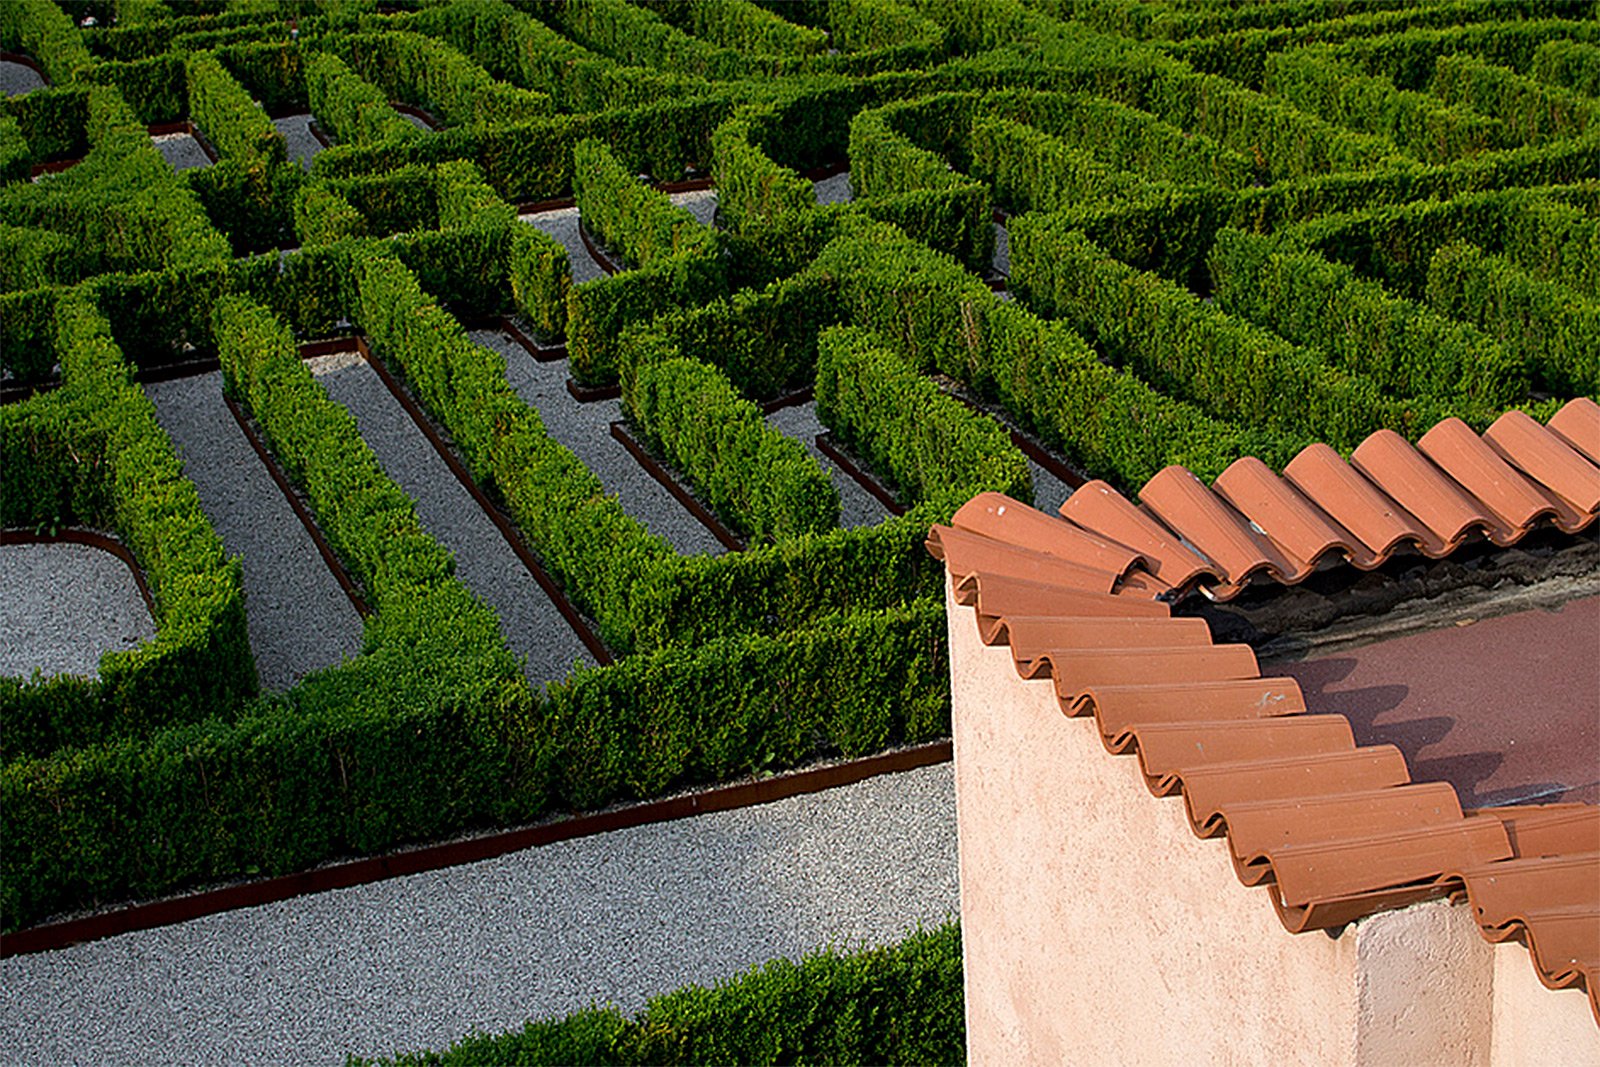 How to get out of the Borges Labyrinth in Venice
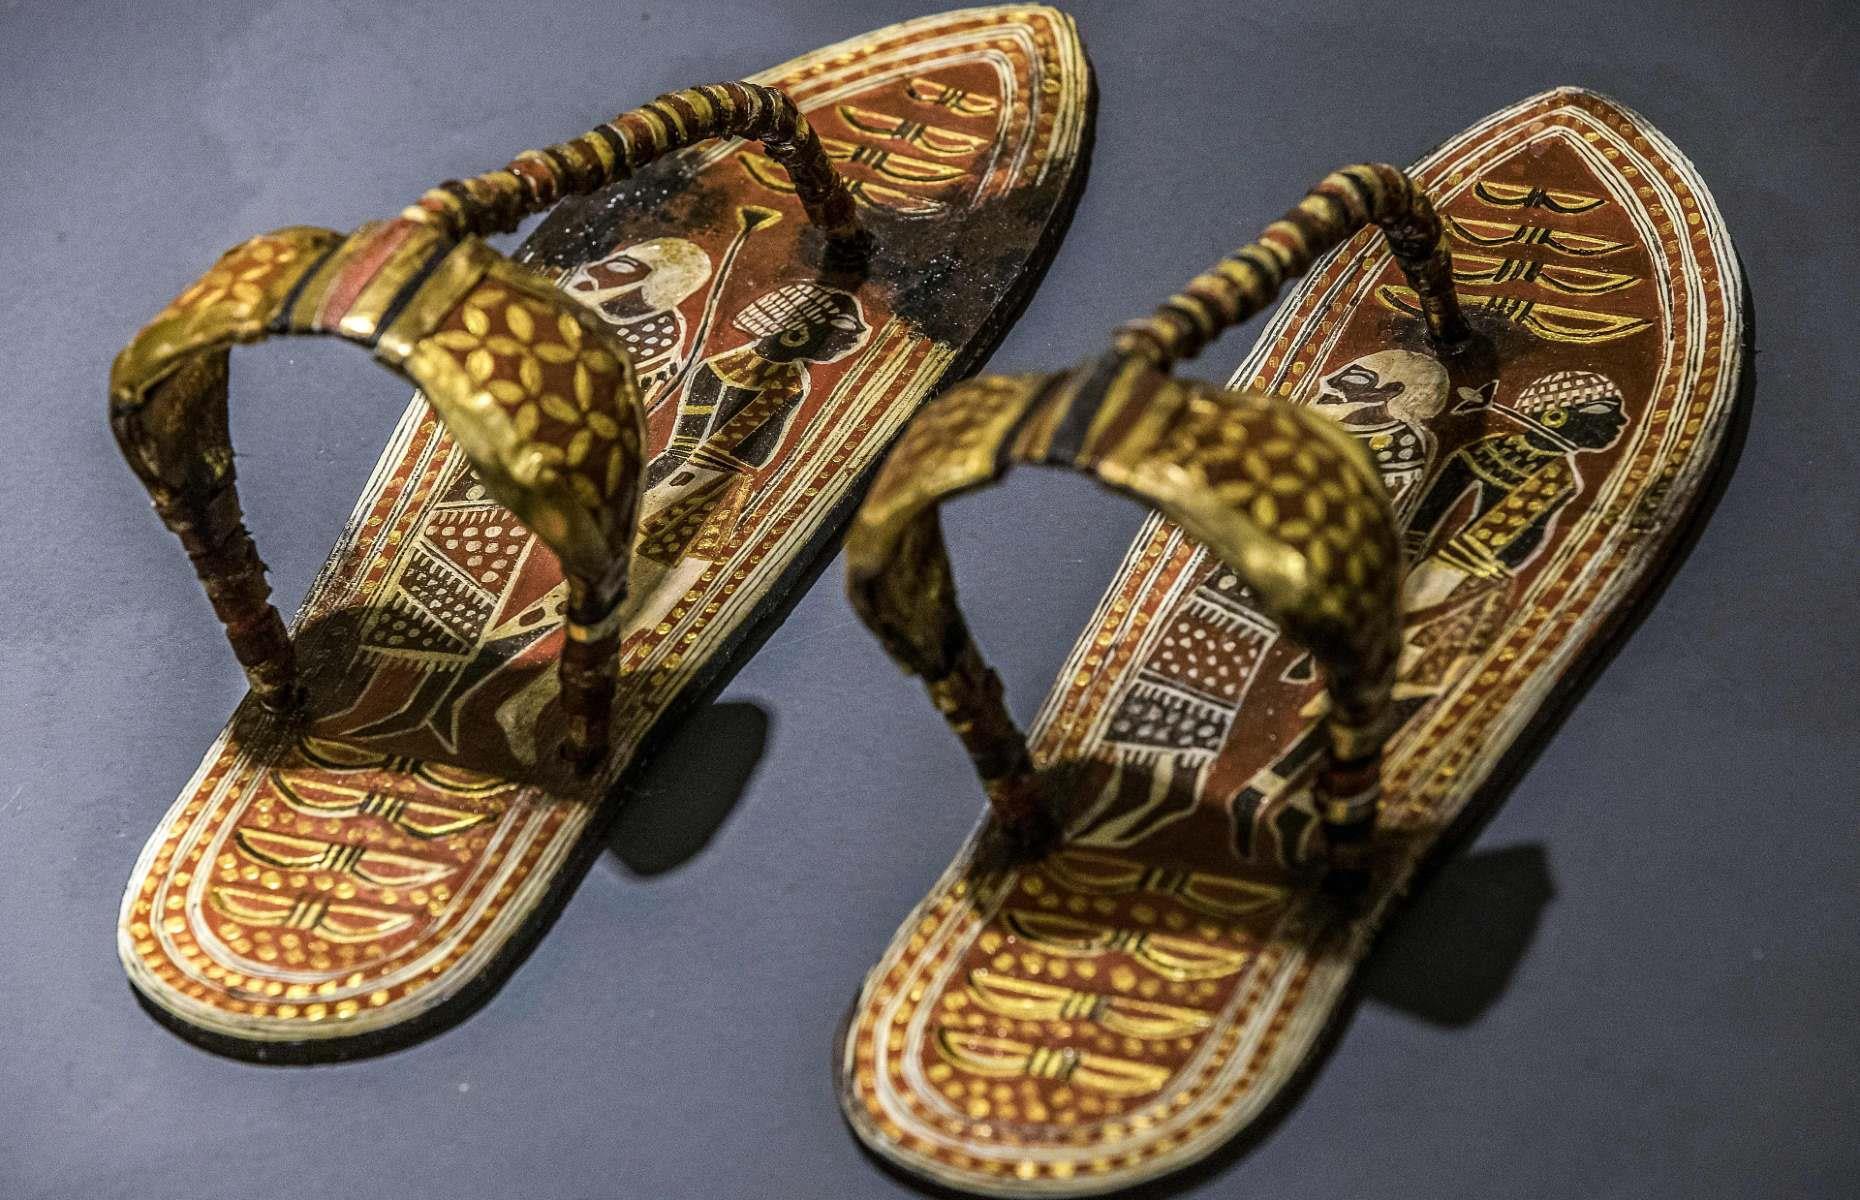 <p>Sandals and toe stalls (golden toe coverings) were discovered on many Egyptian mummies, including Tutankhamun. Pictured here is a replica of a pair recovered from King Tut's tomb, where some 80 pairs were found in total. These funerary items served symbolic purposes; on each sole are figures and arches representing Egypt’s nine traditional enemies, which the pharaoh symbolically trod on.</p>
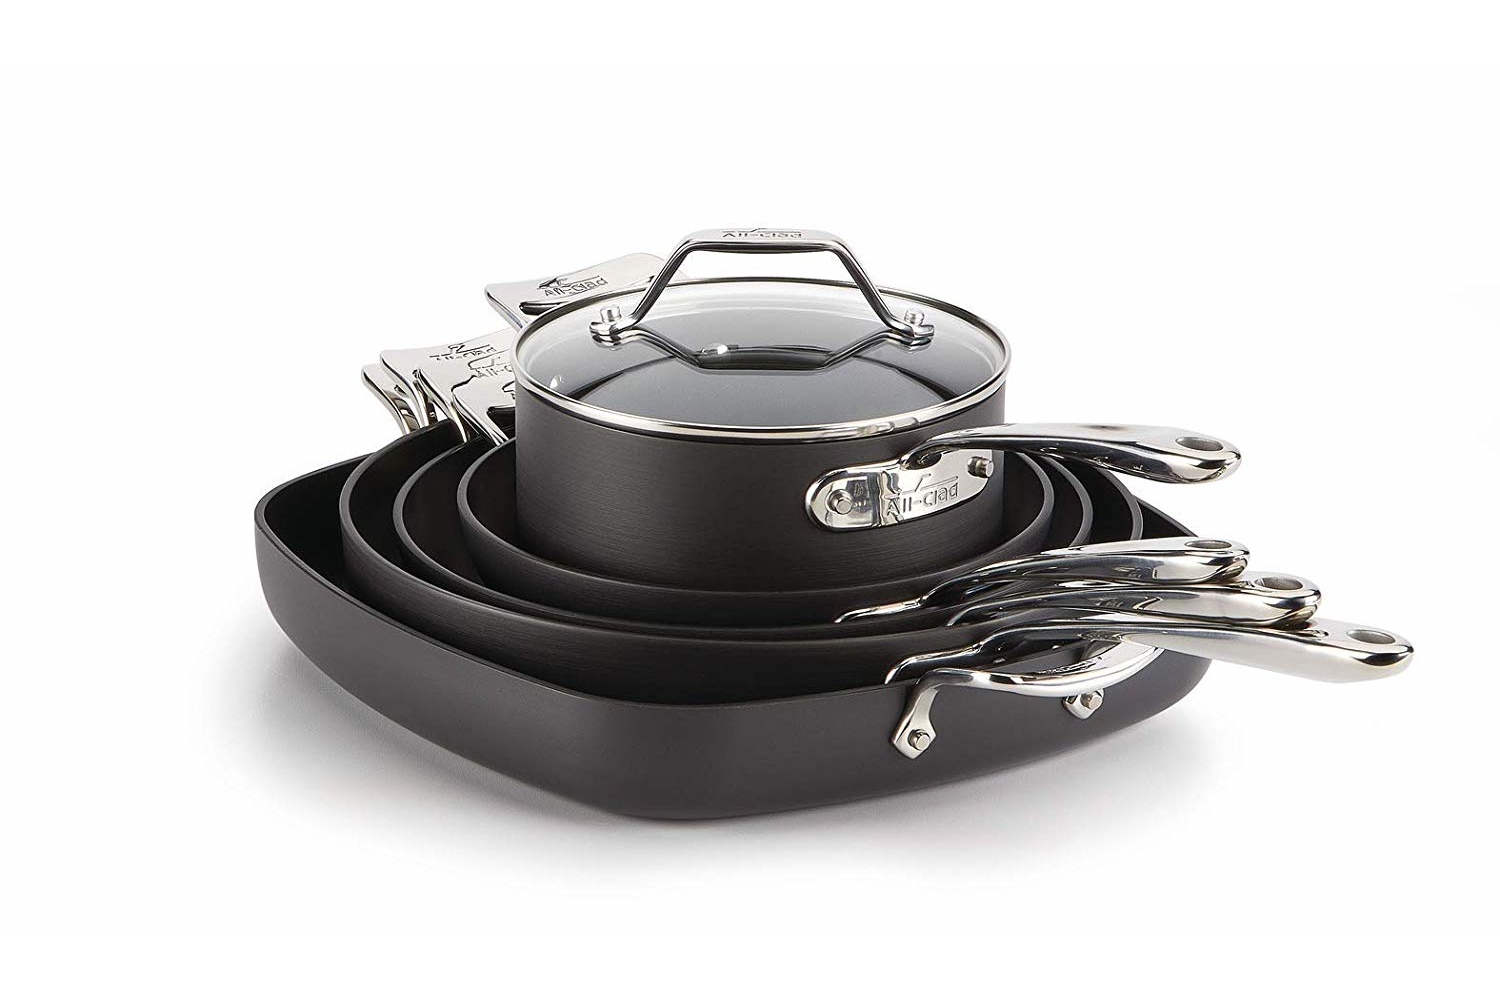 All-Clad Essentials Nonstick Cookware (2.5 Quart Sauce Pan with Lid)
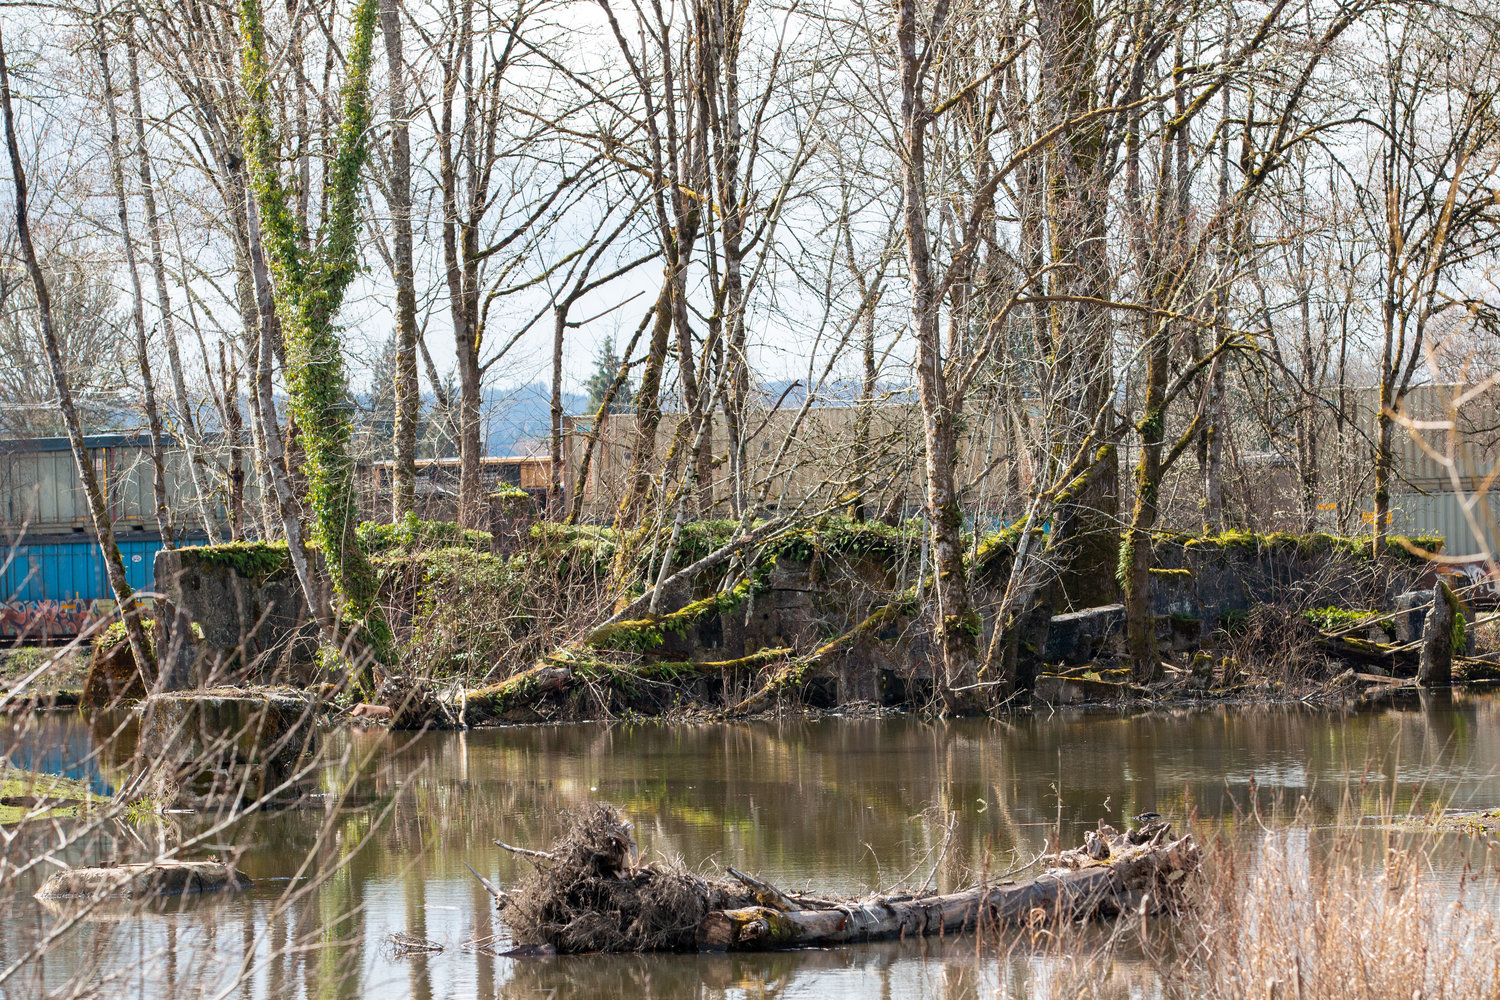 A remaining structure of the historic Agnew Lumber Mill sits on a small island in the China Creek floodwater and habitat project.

■ ■ ■ ■ ■

■ **Prompt**: Every line of the data should be copied as it stands, without the images.

■ **Output for this exercise**:
 How to get out of the Borges Labyrinth in Venice
 <p>Sandals and toe stalls (golden toe coverings) were discovered on many Egyptian mummies, including Tutankhamun. Pictured here is a replica of a pair recovered from King Tut's tomb, where some 80 pairs were found in total. These funerary items served symbolic purposes; on each sole are figures and arches representing Egypt’s nine traditional enemies, which the pharaoh symbolically trod on.</p>
 All-Clad Essentials Nonstick Cookware (2.5 Quart Sauce Pan with Lid)
 A remaining structure of the historic Agnew Lumber Mill sits on a small island in the China Creek floodwater and habitat project.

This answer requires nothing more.